Letter of the Day: FBI should have taken Scottish cue and paroled Leonard Peltier

August 26, 2009 at 2:43AM
FILE -In this Thursday, April 29, 1999, file photo, inmate Leonard Peltier speaks during an interview at the U.S. Penitentiary at Leavenworth, Kan. U.S. Attorney Drew Wrigley says imprisoned American Indian activist Leonard Peltier has been denied parole. Wrigley said Friday, Aug. 21, 2009, the next scheduled hearing for Peltier is 2024, when Peltier would be 79 years old.
Leonard Peltier, photographed in April 1999 at the U.S. Penitentiary at Leavenworth, Kan. (Associated Press - Ap/The Minnesota Star Tribune)

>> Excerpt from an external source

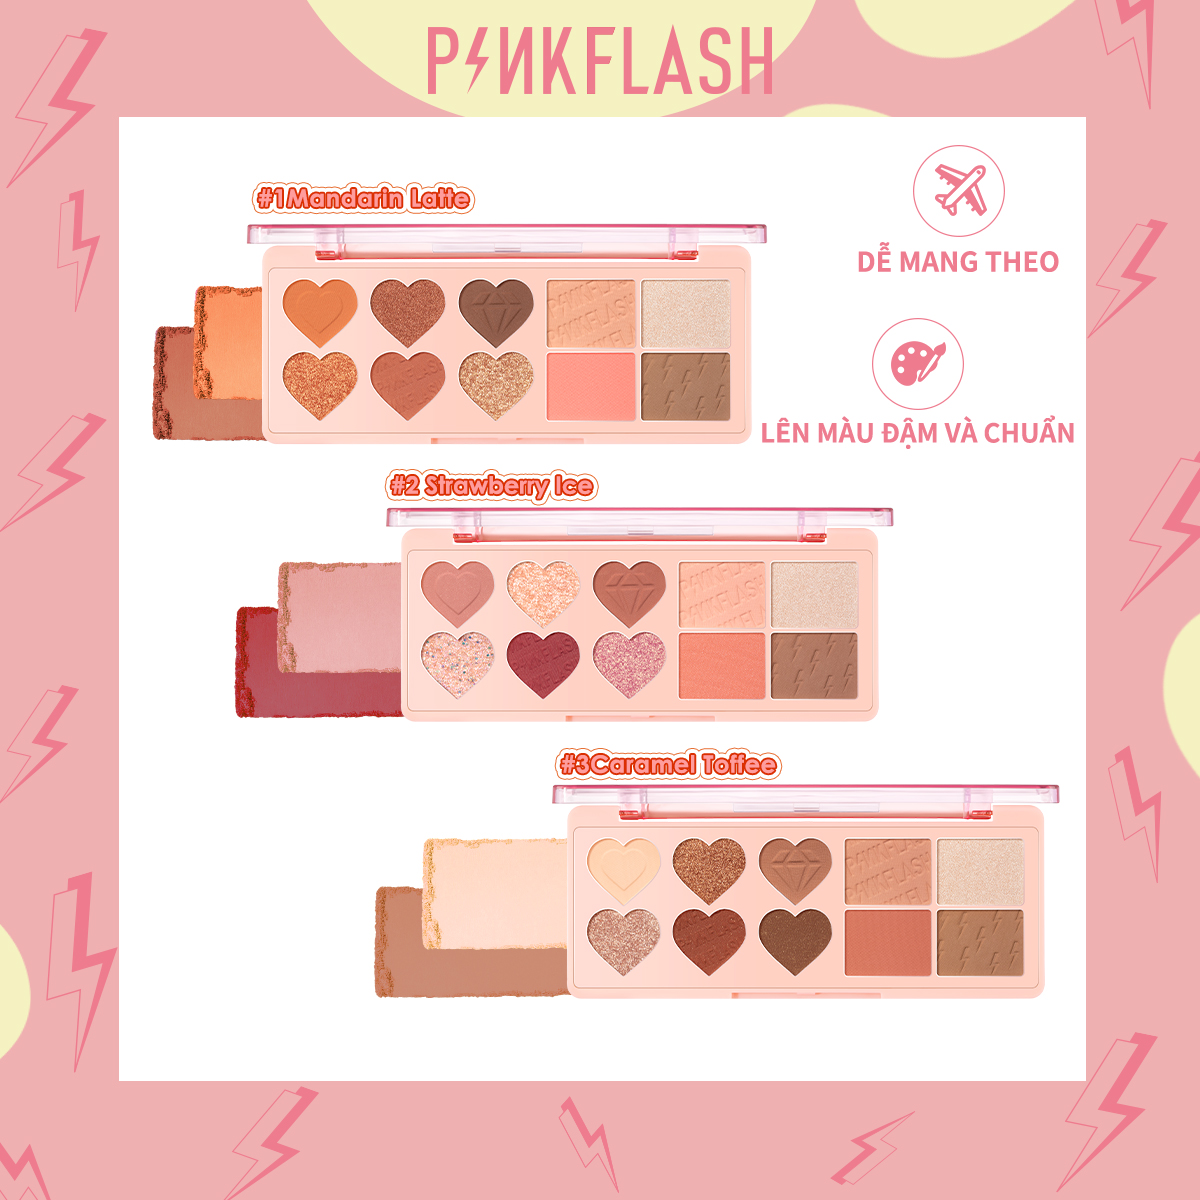 PINKFLASH #OhMyLove Multiple Face Palette Phấn mắt & Phấn má hồng & Highlighter & Contour 4 trong 1 + tiện lợi / sắc tố cao / mềm và mịn + Bảng mặt "không màu"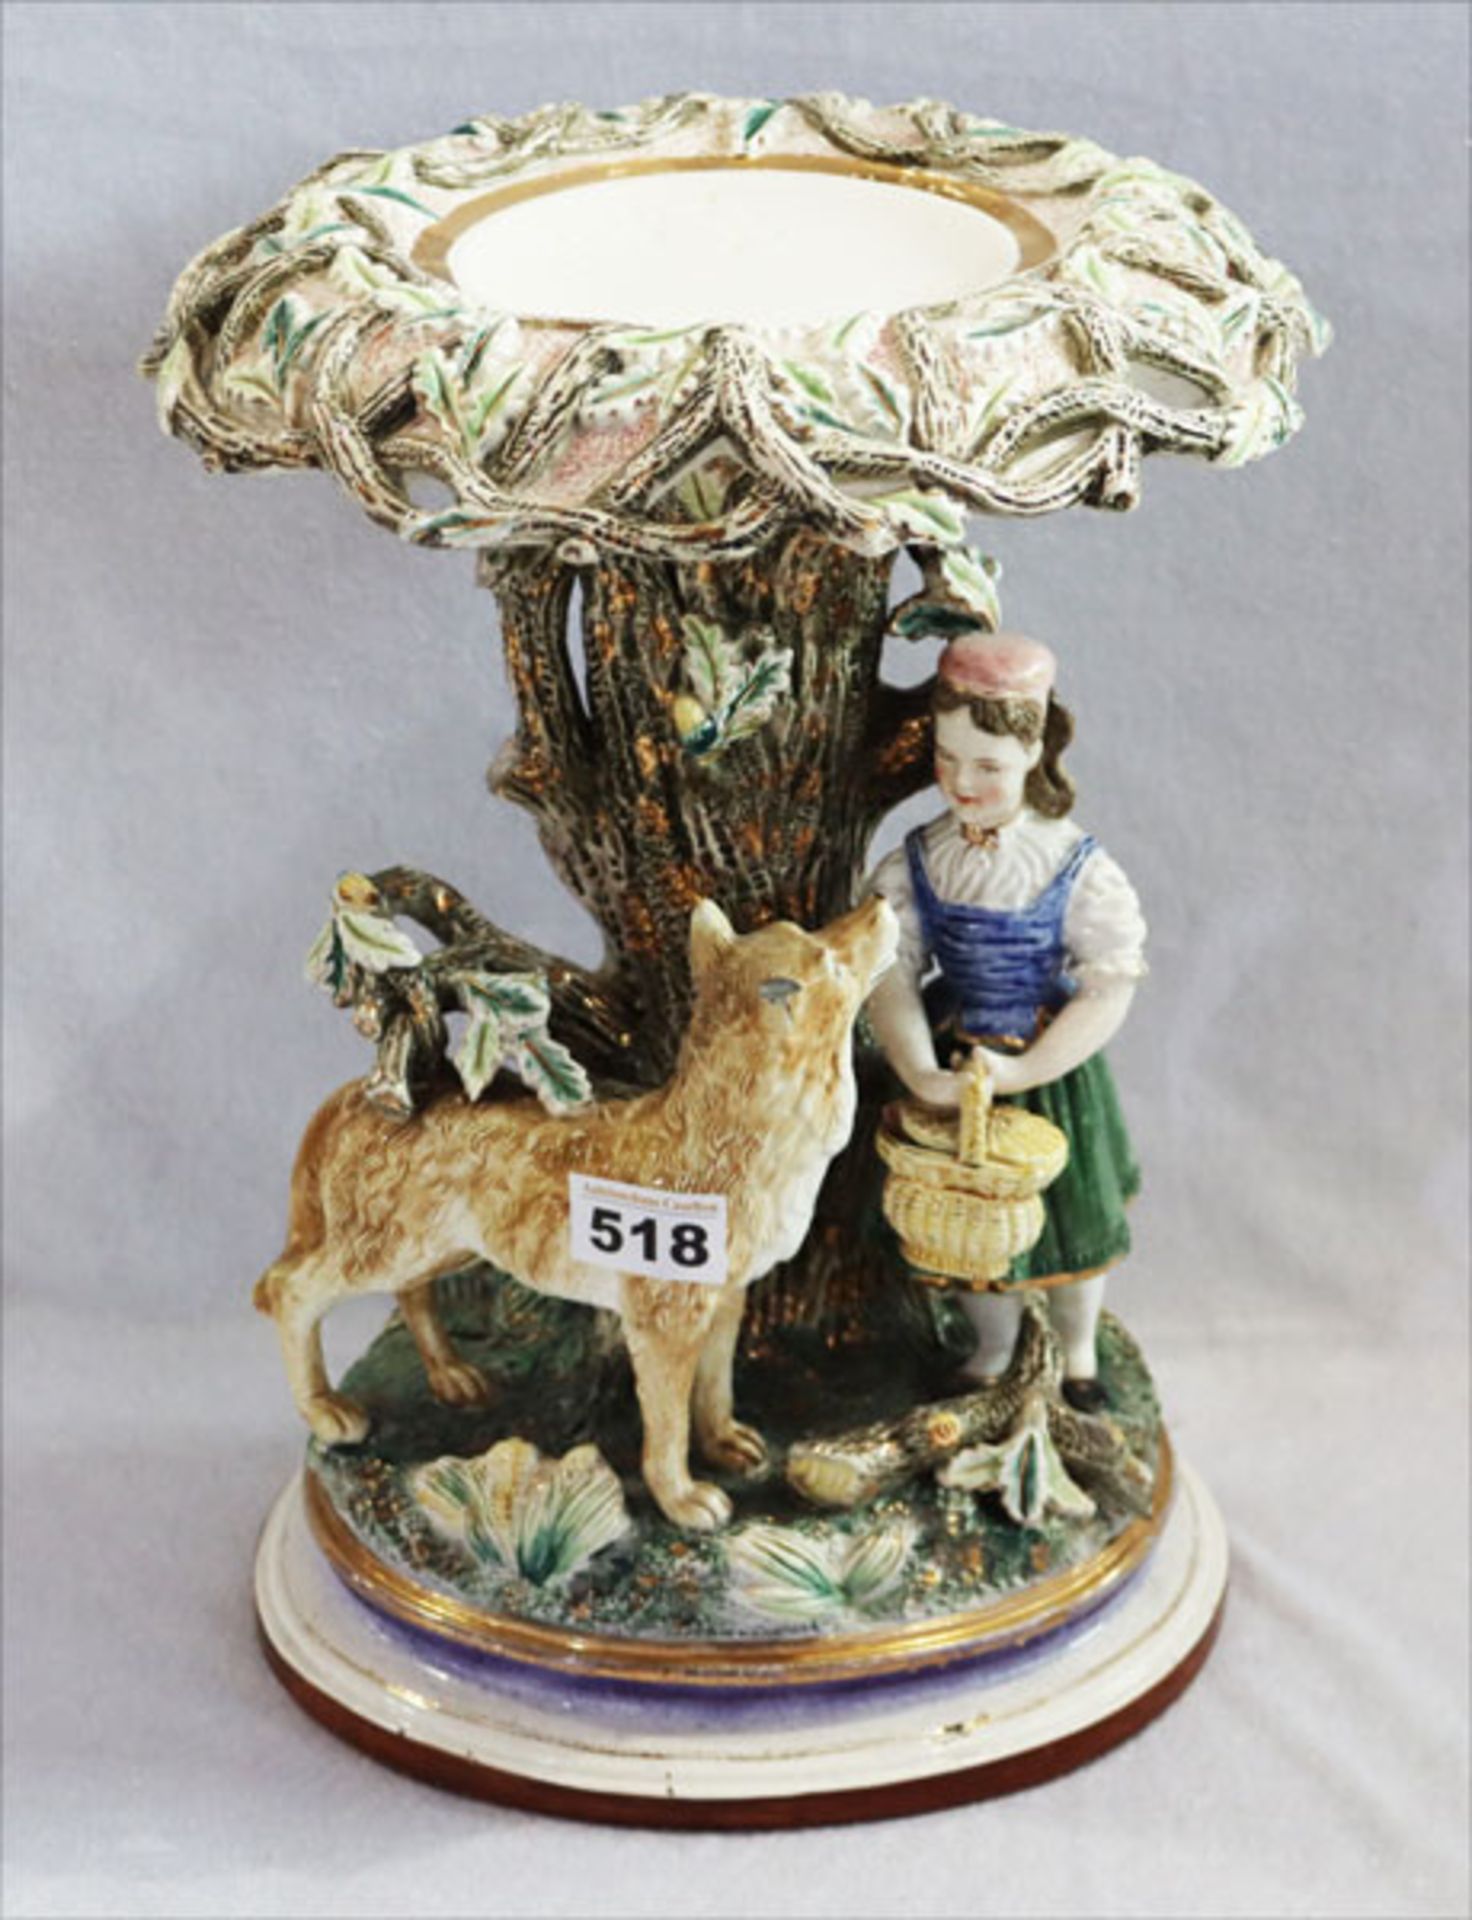 Porzellan Objekt 'Rotkäppchen mit Wolf', farbig glasiert, beschädigt und bestossen, H 35,5 cm, D

American Indian activist Leonard Peltier has once again been denied parole. I am outraged at this decision. Peltier has served over 30 years in prison for killing two FBI agents, whom, he has always said, "framed him." For those of us who are aware of the murderous leveling of a whole culture of American Indians for well over four centuries, and the incident that led to Peltier's incarceration, this decision is unconscionable.

To make matters worse, FBI Director Robert Mueller criticized the Scottish justice minister for releasing one of the Pan Am 103 bombers, saying it "gives comfort to terrorists" all over the world. Justice Secretary Kenny MacAskill cited compassionate grounds as his decision to let Abdelbaset al-Megrahi return to Libya; he is dying of inoperable prostate cancer and has only months to live.

Mueller should resign; he has no heart or common sense. Our president has introduced the word "empathy" into the lexicon of our national consciousness, and it is about time Americans of all ages and stripes develop some.

I am appalled by what appears to be a pattern of abuse of power emanating from the FBI.